My aunt tucked wisps of blond curls behind my ear. Her eyes shimmered with sickness so tangible I could taste it on my tongue.

“Leave?” She belched. “Oh, my, that’s a big word. I’d never do that, Persy. Dead, alive, and in-between, I will always be there for you.”

“But how?” I tugged at her gown, clinging to her promise. “How will I know you’re really here after your body is gone?”

“Just turn your face up, you silly goose. The sky will always be ours. That’s where we’ll meet, between the sunrays and the clouds.”

On hot, sticky summers, Auntie Tilda and I would lie on the grass by Charles River, cloud-spotting. The clouds came and went like passengers at a train station. First, we’d count them. Then we’d choose the funny-shaped, extra fluffy ones. Then we’d give them names.

Mr. and Mrs. Claudia and Claud Clowdton.

Misty and Smoky Frost.

Auntie Tilda believed in magic, in miracles, and I? Well, I believed in her.
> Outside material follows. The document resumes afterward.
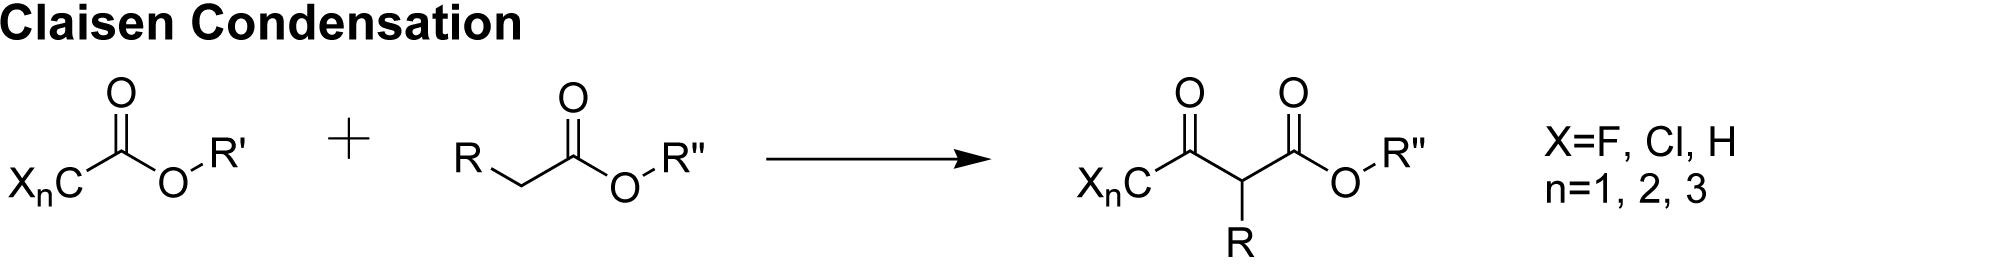 Claisen_Condensation_Version_5

While my older sister, Emmabelle, chased after squirrels, played soccer with the boys, and climbed trees, Auntie Tilda and I admired the sky.
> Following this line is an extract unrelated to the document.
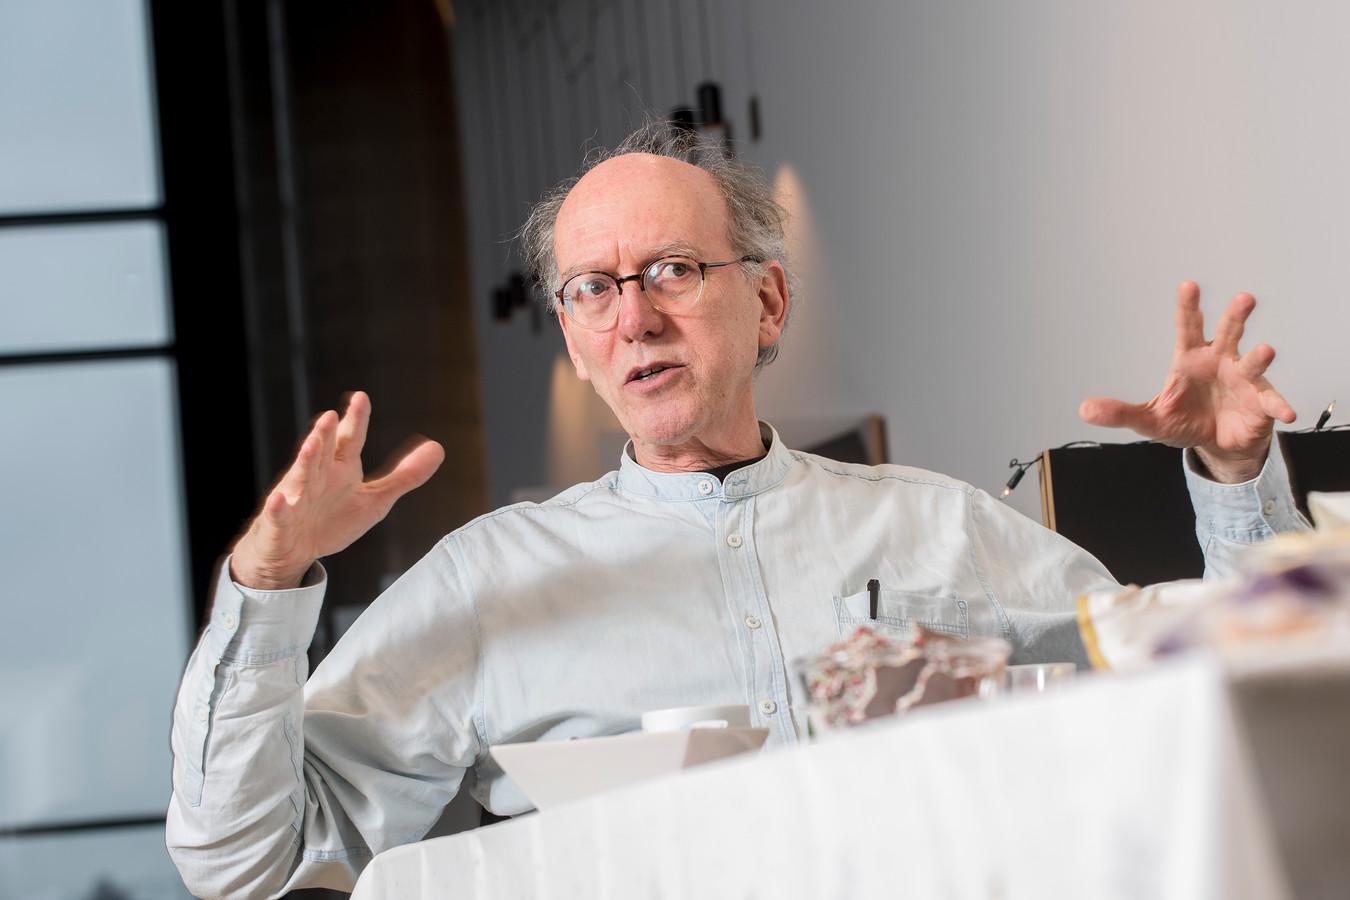 Arts-microbioloog Bert Mulder van het Canisius Wilhelmina Ziekenhuis (CWZ) waarschuwt al meer dan een maand voor de deltavariant en noemt de gegevens die het RIVM hierover verstrekt 'volstrekt irreëel'.

“Will you give me a sign?” I pressed. “That you’re there in the sky? A lightning? Rain? Oh, I know! Maybe a pigeon can poop on me.”

Momma put her hand on my shoulder. In the words of my sister Belle—I needed to take a chill pill, and fast.

“Let’s make a deal,” my aunt suggested, laughing breathlessly. “As you know, clouds are more reliable than shooting stars. Common, but still magical. When the time comes and you grow up, ask for something you want—something you really want—when you see a lone cloud in the sky, and I will grant it to you. That’s how you’ll know I’m there watching. You only get one miracle, Persephone, so be careful what you wish for. But I promise, whatever your wish may be—I will grant it to you.”

I’d kept my Cloud Wish for eleven years, harboring it like a precious heirloom.

I didn’t use it when my grades slipped.

When Elliott Frasier came up with the nickname Pussyfanny Peen-rise sophomore year, and it stuck until graduation.

Not even when Dad got laid off and McDonald’s and hot water became rare luxuries.

In the end, I wasted the Cloud Wish in one, reckless moment.

On a doomed desire, a stupid crush, an unrequited lover.

On the man every media outlet in America referred to as The Villain.

On Cillian Fitzpatrick.

Three Years Ago.

 

I was drunk before noon the day my best friend, Sailor, got married.

Typically, I was fun-drunk. Responsible drunk. The kind of drunk who talked a little louder, snort-laughed, and danced like no one was watching, but also called an Uber, saved her friends from bad hookups, and never let anyone in my vicinity get a tattoo they were going to regret the next morning.

Not this time.

This time, I was crank-up-the-Enola-Gay plastered. The kind of hammered to end up in the hospital with an IV drip, an oopsie baby, and a criminal record.

There were a variety of reasons I was so drunk, and I would point all of them out if I were able to hold a steady finger in the air.

The problem was, now was the worst possible time to be indisposed. I was on bridesmaid duty. The twenty-three-year-old—drumroll, please—flower girl!